Your task:
A word-for-word copy of the records below is needed, without the images.

Material for this task:
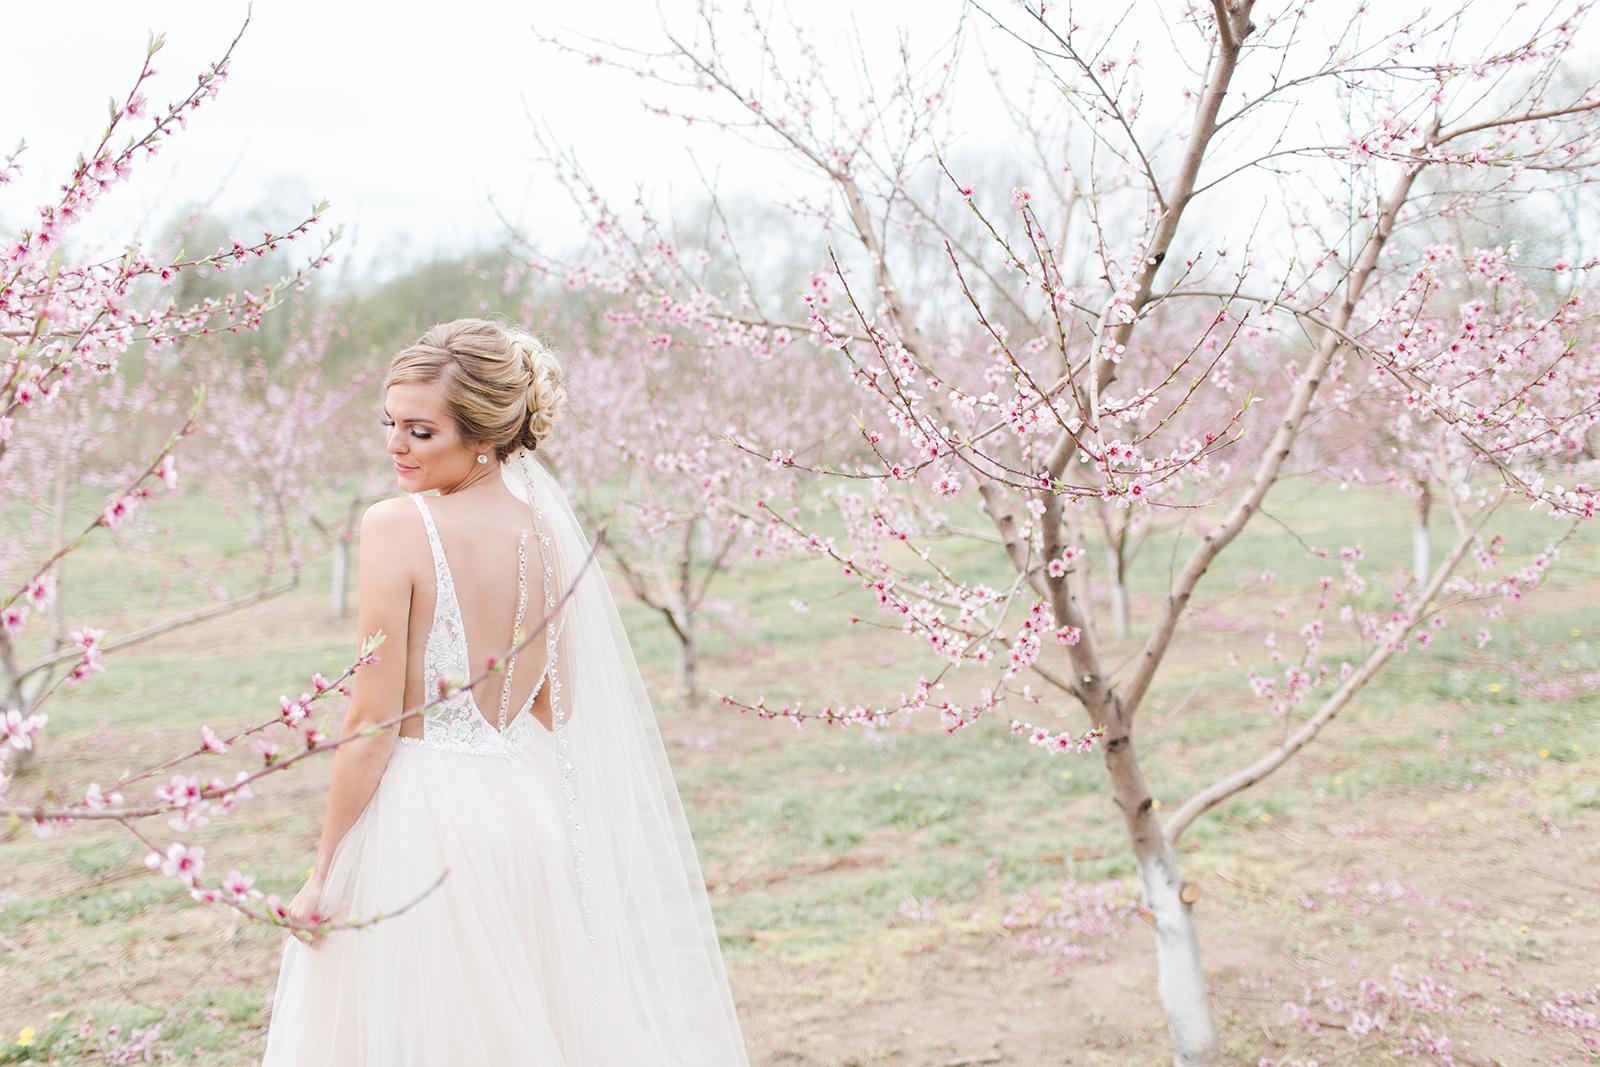 Makeup: Makeup by Jamie, Photo: Arielle Peters Photography, Venue: Apple Blossom Chapel & Gardens, Dress & Veil: Becker's Bridal, Hair: Tova Salon, Model: Maggie Sapp
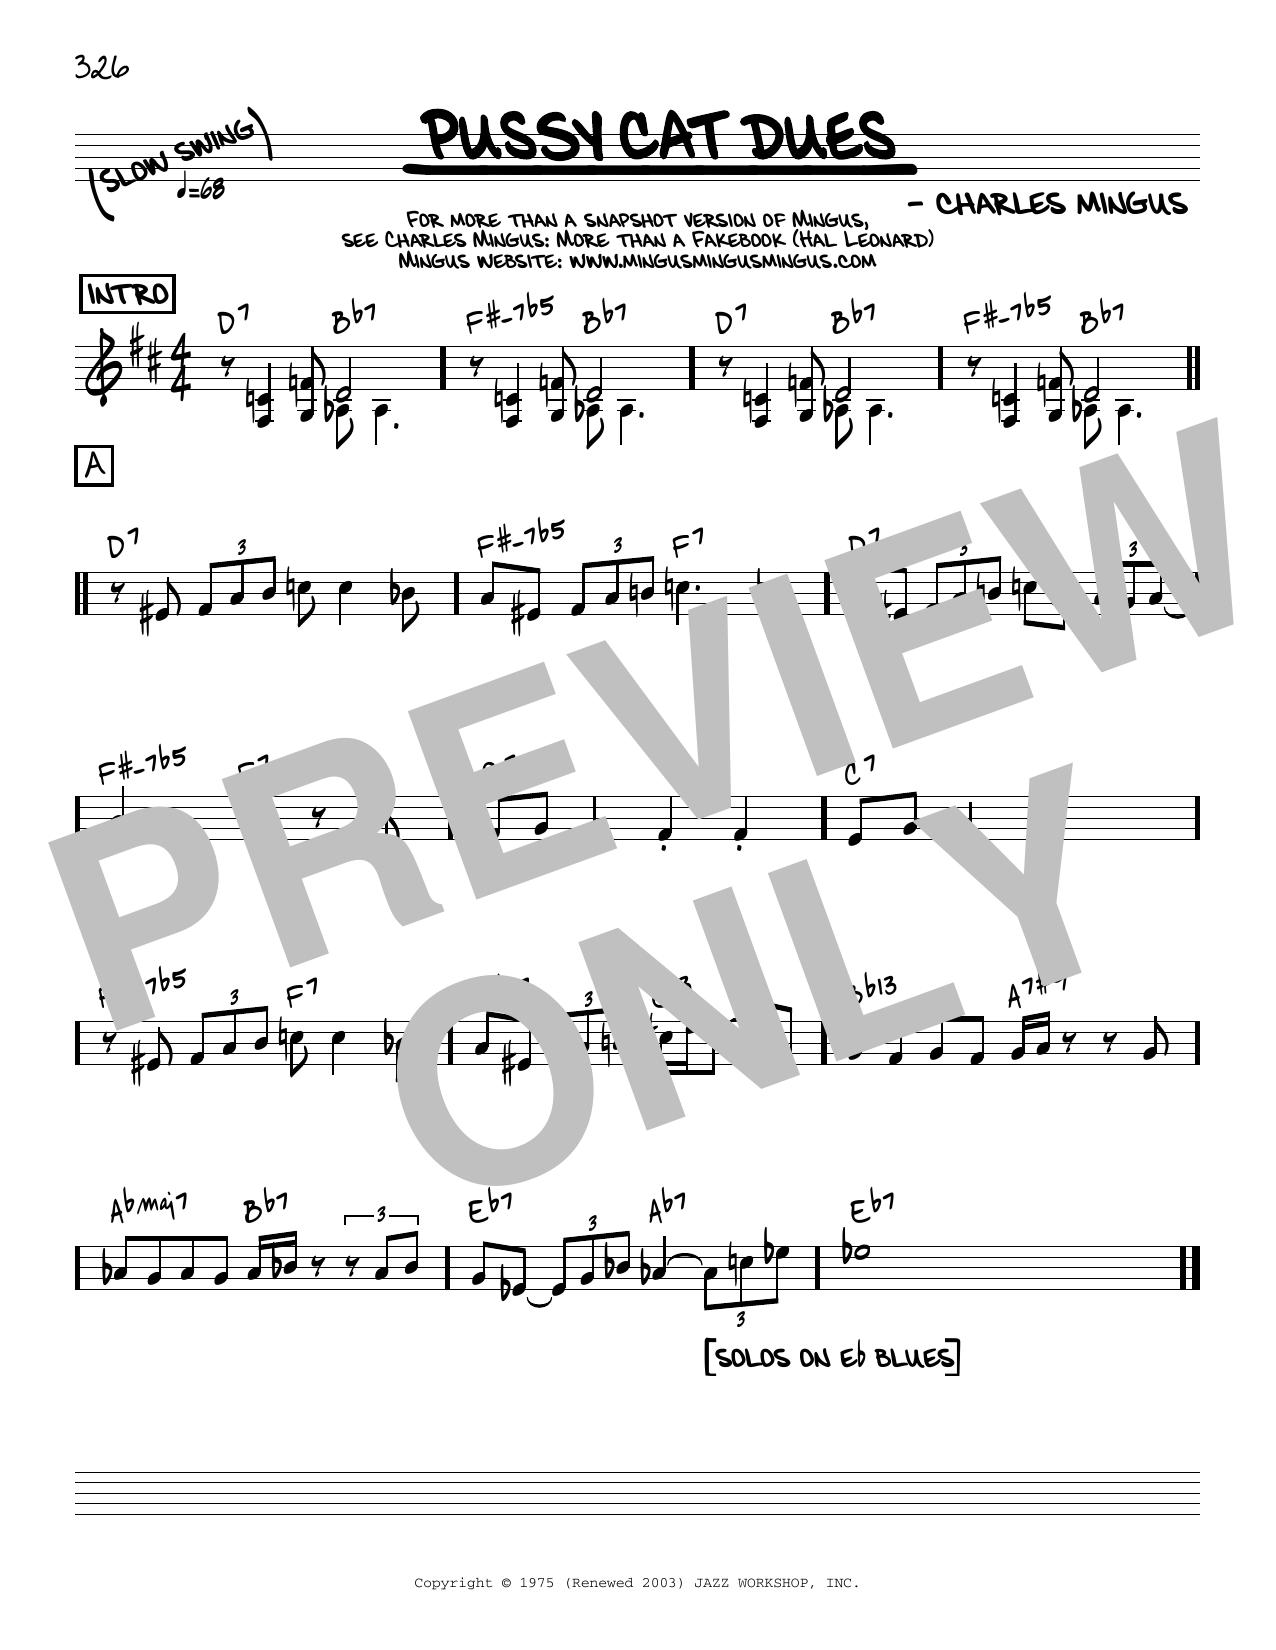 Charles Mingus Pussy Cat Dues [Reharmonized version] (arr. Jack Grassel) sheet music notes printable PDF score
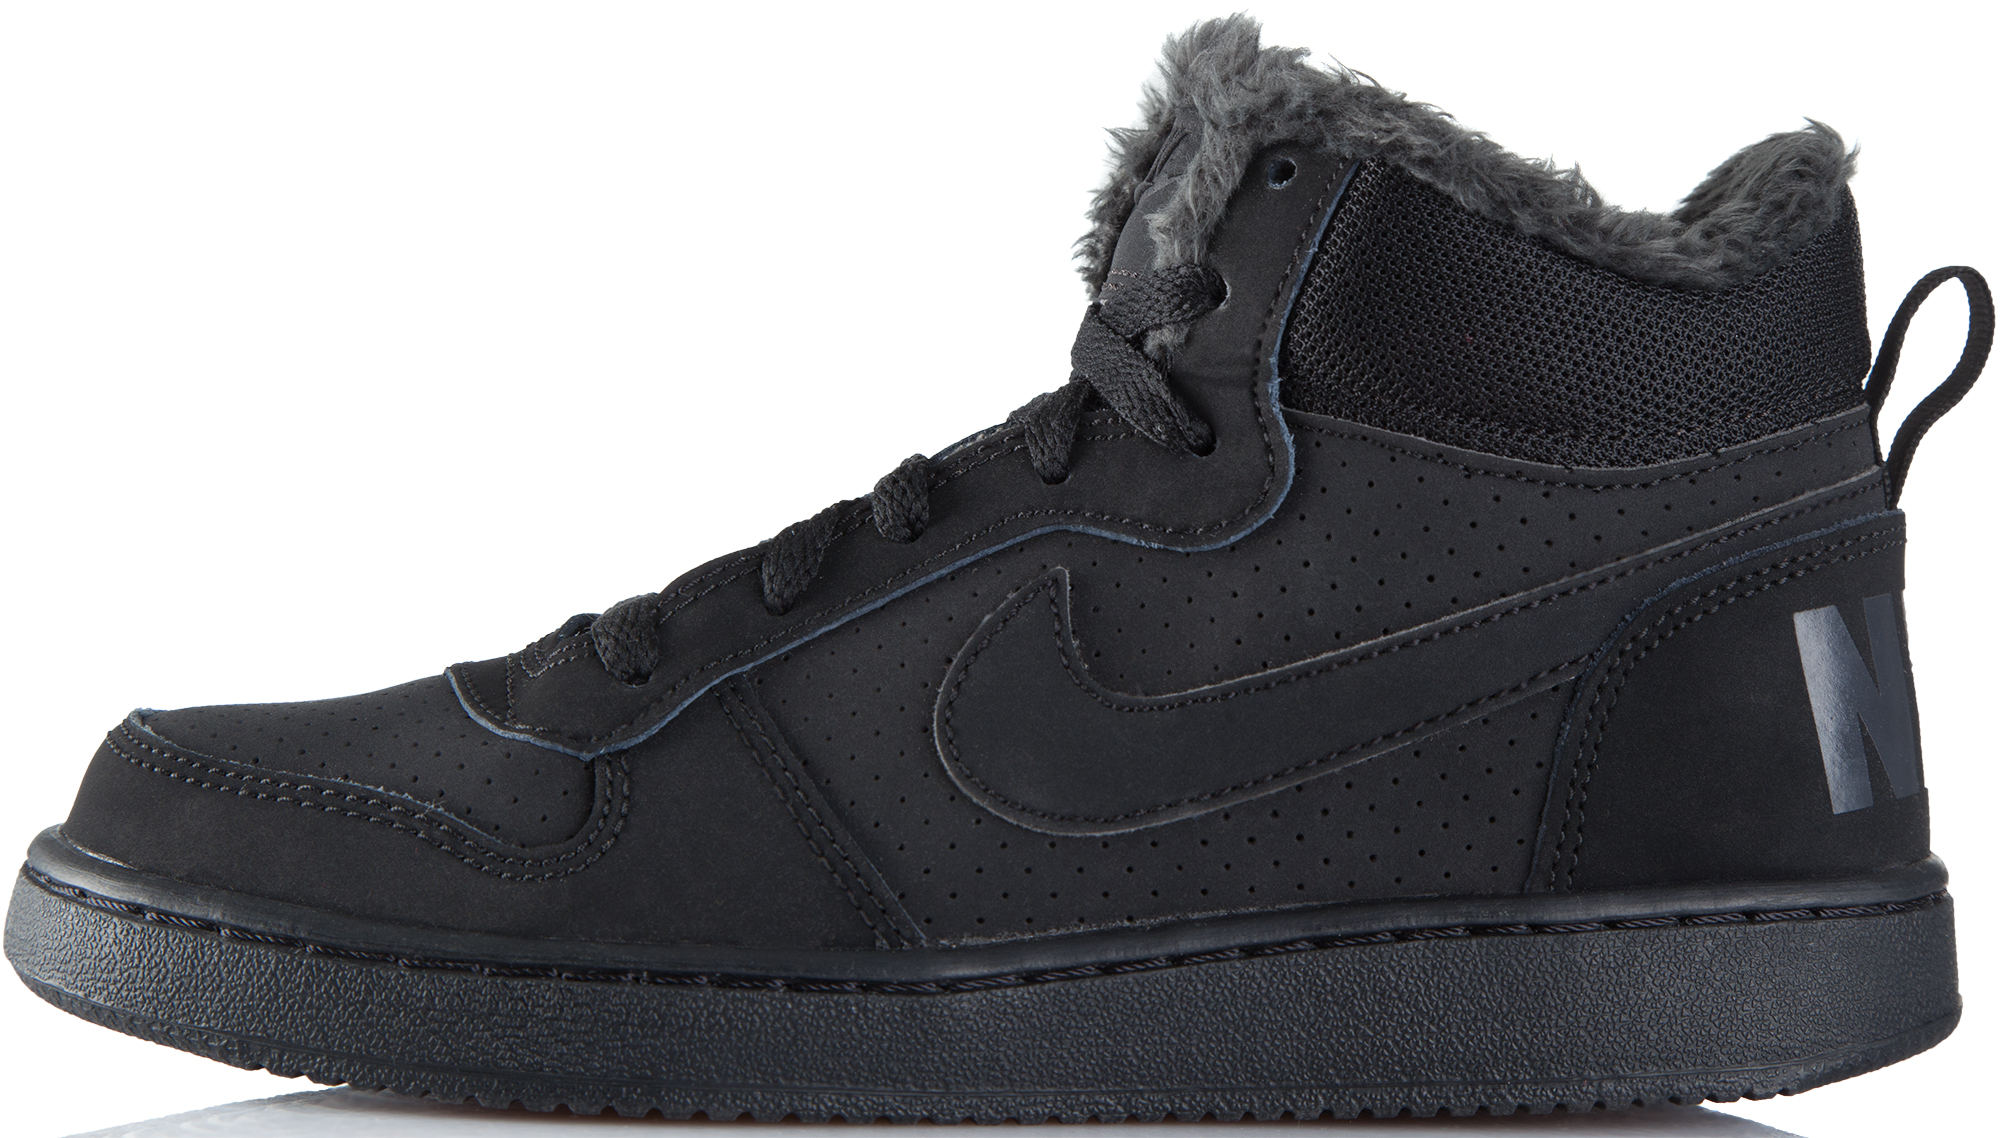 Nike Кеды для мальчиков  Court Borough Mid Winter, размер 39
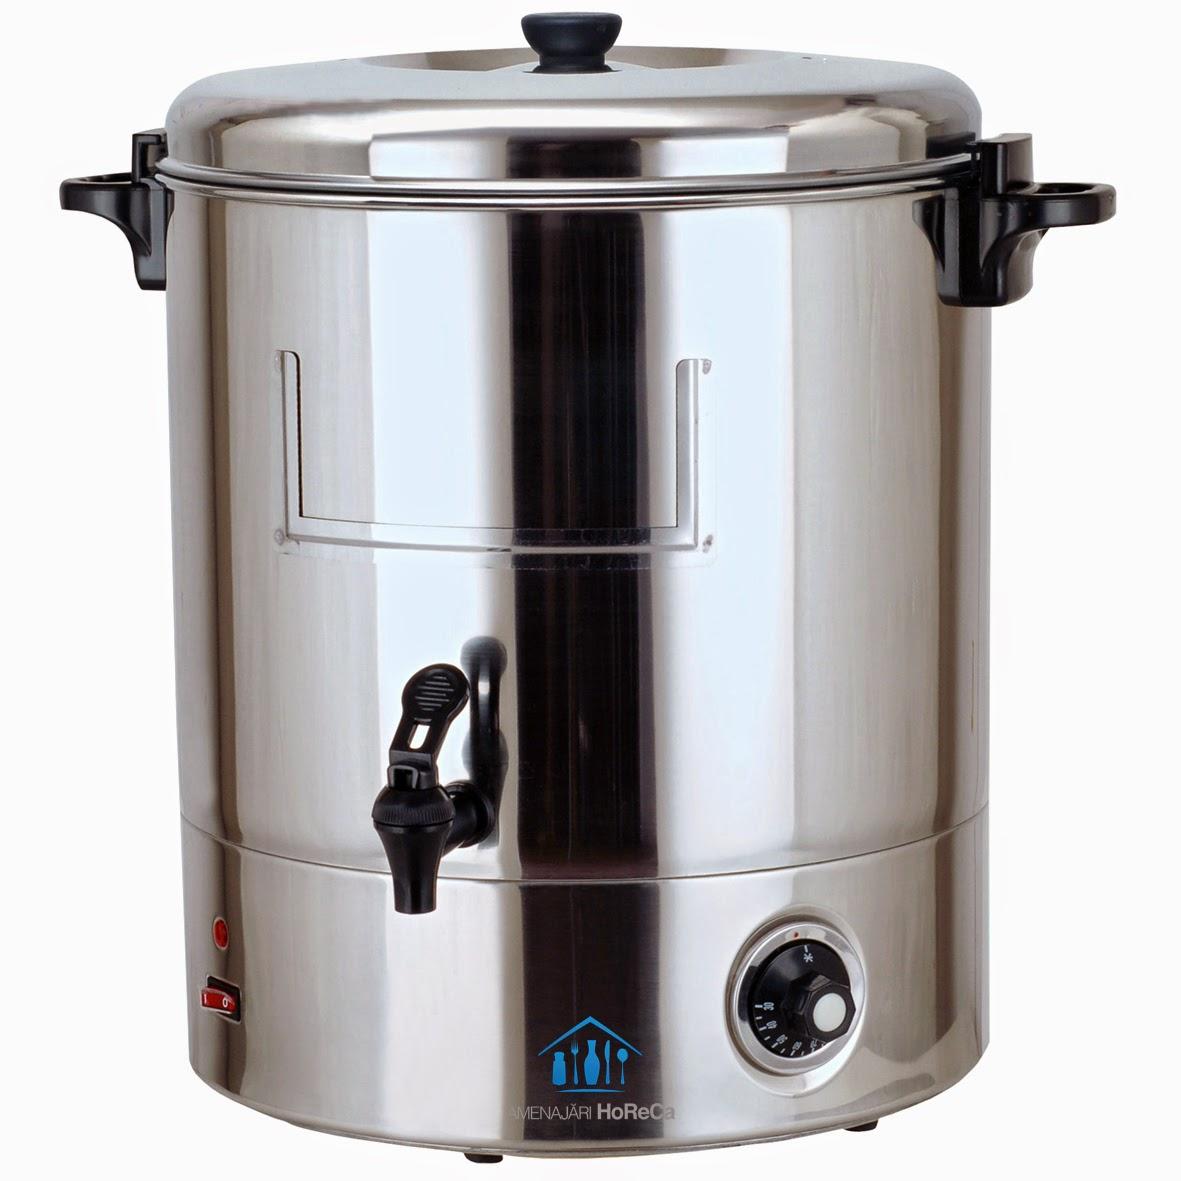 oala electrica,  finisaje standard, pereti dubli, pret, 30 litri, fierbator vin, aparat vin fiert, dozator vin fiert, dozator apa fierbinte, aparat ceai
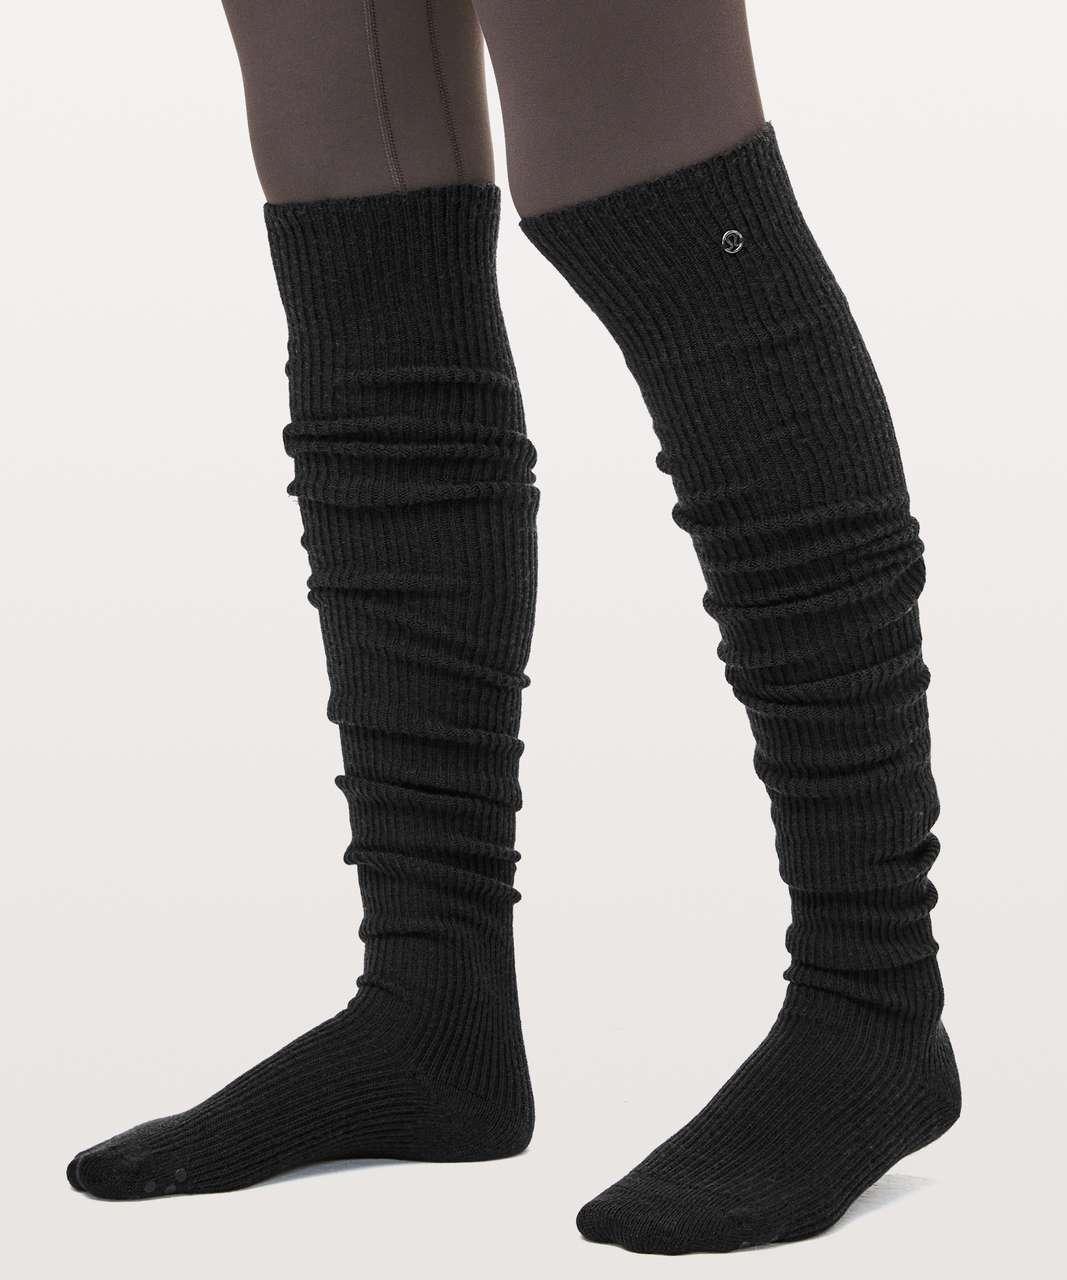 9e1a1f8ab9d Lululemon Savasana Sock - Black - lulu fanatics

Solution to this problem:
 Makeup: Makeup by Jamie, Photo: Arielle Peters Photography, Venue: Apple Blossom Chapel & Gardens, Dress & Veil: Becker's Bridal, Hair: Tova Salon, Model: Maggie Sapp
 Charles Mingus Pussy Cat Dues [Reharmonized version] (arr. Jack Grassel) sheet music notes printable PDF score
 Nike Кеды для мальчиков  Court Borough Mid Winter, размер 39
 oala electrica,  finisaje standard, pereti dubli, pret, 30 litri, fierbator vin, aparat vin fiert, dozator vin fiert, dozator apa fierbinte, aparat ceai
 9e1a1f8ab9d Lululemon Savasana Sock - Black - lulu fanatics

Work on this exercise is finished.